Cessez de sacrifier les enfants en difficulté

Des centaines d’enfants de trois à cinq ans présentant des troubles de langage ou de comportement sont privés des services de réadaptation auxquels ils ont droit.
iStock Des centaines d’enfants de trois à cinq ans présentant des troubles de langage ou de comportement sont privés des services de réadaptation auxquels ils ont droit.

En ce moment, des ergothérapeutes et des psychoéducatrices qui devraient aider des enfants d’âge préscolaire et leurs familles vulnérables sont contraintes de négliger leur clientèle pour désinfecter des tables et surveiller les couloirs de centres d’hébergement. Par conséquent, des centaines d’enfants de trois à cinq ans présentant des troubles de langage ou de comportement sont privés des services de réadaptation auxquels ils ont droit avant d’entrer à l’école. Cette situation scandaleuse découle du choix délibéré de certains CIUSSS, notamment à Montréal.

Pourquoi ? En mars, au début de la pandémie, les professionnelles de centres de réadaptation et de CLSC ont été retirées de leurs tâches habituelles et envoyées prêter main-forte en CHSLD ou dans d’autres lieux d’hébergement. À ce moment-là, la mesure se défendait : leurs thérapies auprès des enfants avaient été annulées pour des raisons sanitaires, et ces orthophonistes, ergothérapeutes ou psychoéducatrices ne servaient donc, temporairement, « à rien ». Autant s’en servir en CHSLD, où les besoins étaient manifestes. Elles n’ont pas rechigné, assumant des tâches éprouvantes. Leurs patients habituels et leurs familles sont restés sans services, sans se plaindre non plus — dociles.
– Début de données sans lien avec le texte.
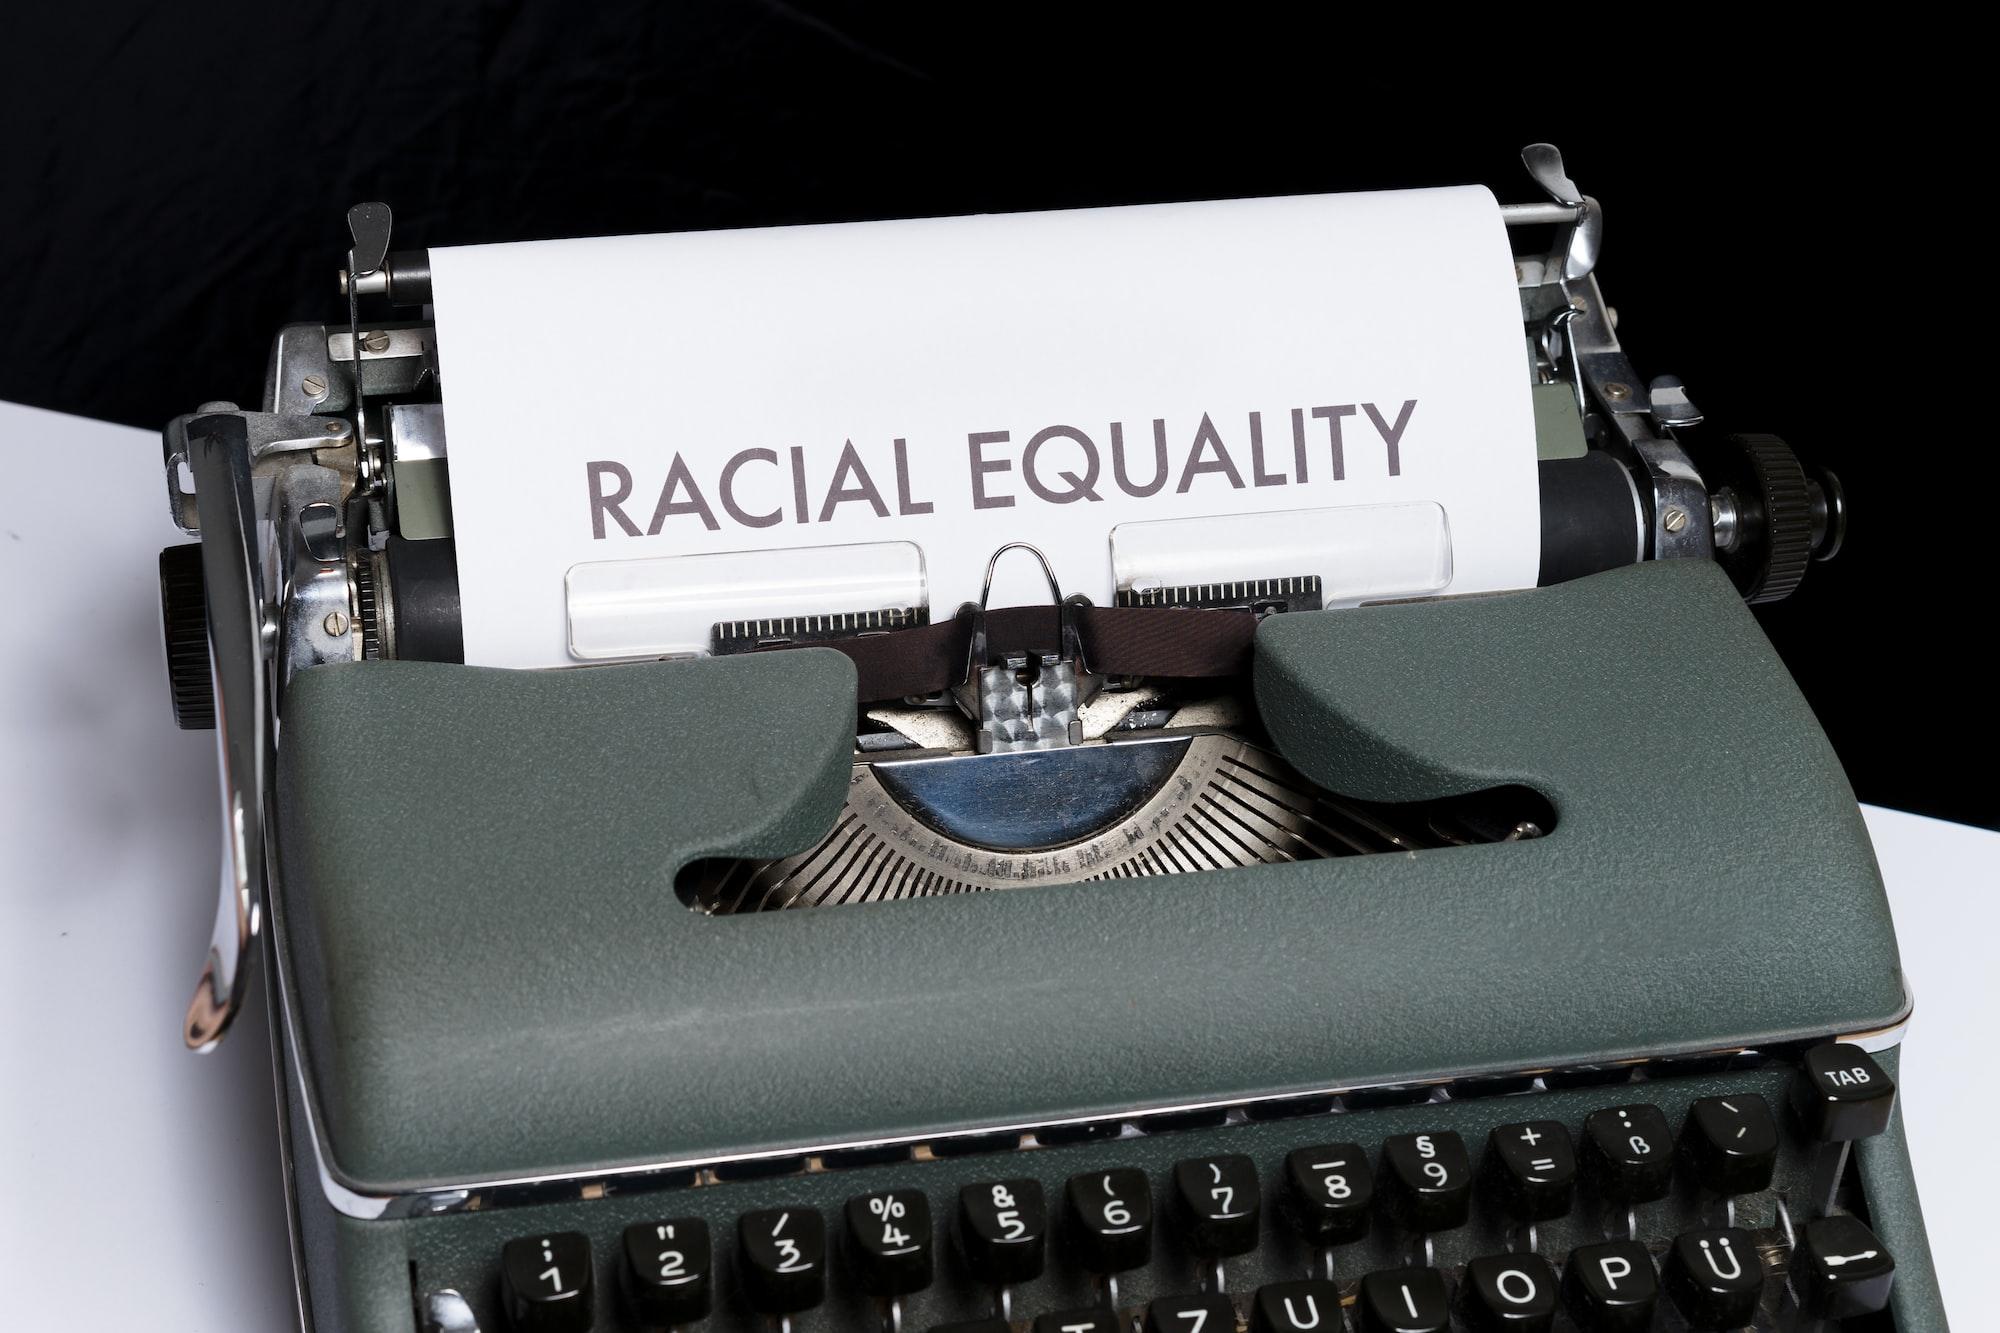 在美國不想遇到歧視? 亞裔不能再當乖乖牌

Mais nous voici trois mois plus tard, et la situation a changé. Des professionnelles restées derrière ont fait un travail remarquable pour inventer des services à distance, qui fonctionnent : on peut, maintenant, aider les enfants. La crise en CHSLD est résorbée. La logique veut qu’on retourne dare-dare les orthophonistes, ergothérapeutes et psychoéducatrices à leur tâche première,qui est de mettre des enfants en difficulté sur la bonne voie avant qu’ils ne se heurtent à un mur. Ces enfants n’auront quatre ans qu’une seule fois, il ne faut pas les manquer. Le ministère de la Santé lui-même a formulé des directives indiquant que la réadaptation des difficultés de langage devait reprendre auprès des enfants.

Le problème ? Des CIUSSS retardent sciemment le retour des professionnelles de réadaptation. Par choix, par facilité, par mépris des directives. Maintenir, quelques semaines de plus, des ergothérapeutes, des éducatrices ou des orthophonistes dans des rôles de préposées simplifie la vie de certains gestionnaires. À Montréal, des professionnelles spécialisées qui devraient aider des enfants demeurent captives de tâches de préposées dans des centres d’hébergement pour adultes, comme le Centre Gingras-Lindsay. Ça simplifie l’administration et, comme les parents d’enfants lésés ne sont pas en position de se plaindre…. Pour faire passer la pilule, le CIUSSS finasse, offrant une interprétation tordue des directives ministérielles ou égrenant des miettes de services pour embellir les statistiques.

Mais le résultat est le même : des centaines d’enfants ne reçoivent pas les services pour lesquels des thérapeutes, qui ne demandent que cela, seraient disponibles si les CIUSSS daignaient s’en préoccuper. Des parents qu’on a laissés dans le noir durant des mois recevront bientôt une lettre les avisant poliment qu’on les a floués, que les directives ministérielles comptent pour du beurre et que leur enfant sera passé par pertes et profits. Pire : le temps file et, si on ne rapatrie pas les professionnelles dès maintenant, c’est l’automne qui pourrait être compromis.

L’urgence est claire : il faut rapatrier toutes les professionnelles de la réadaptation pédiatrique et leur permettre de faire leur travail. Dans tous les CIUSSS et CISSS du Québec, sans exception. À en croire M. Legault, le changement de ministre à la Santé a pour but de reprendre le contrôle du réseau. Voilà une bonne occasion pour le ministre Christian Dubé de signifier aux CIUSSS quelles sont ses véritables priorités.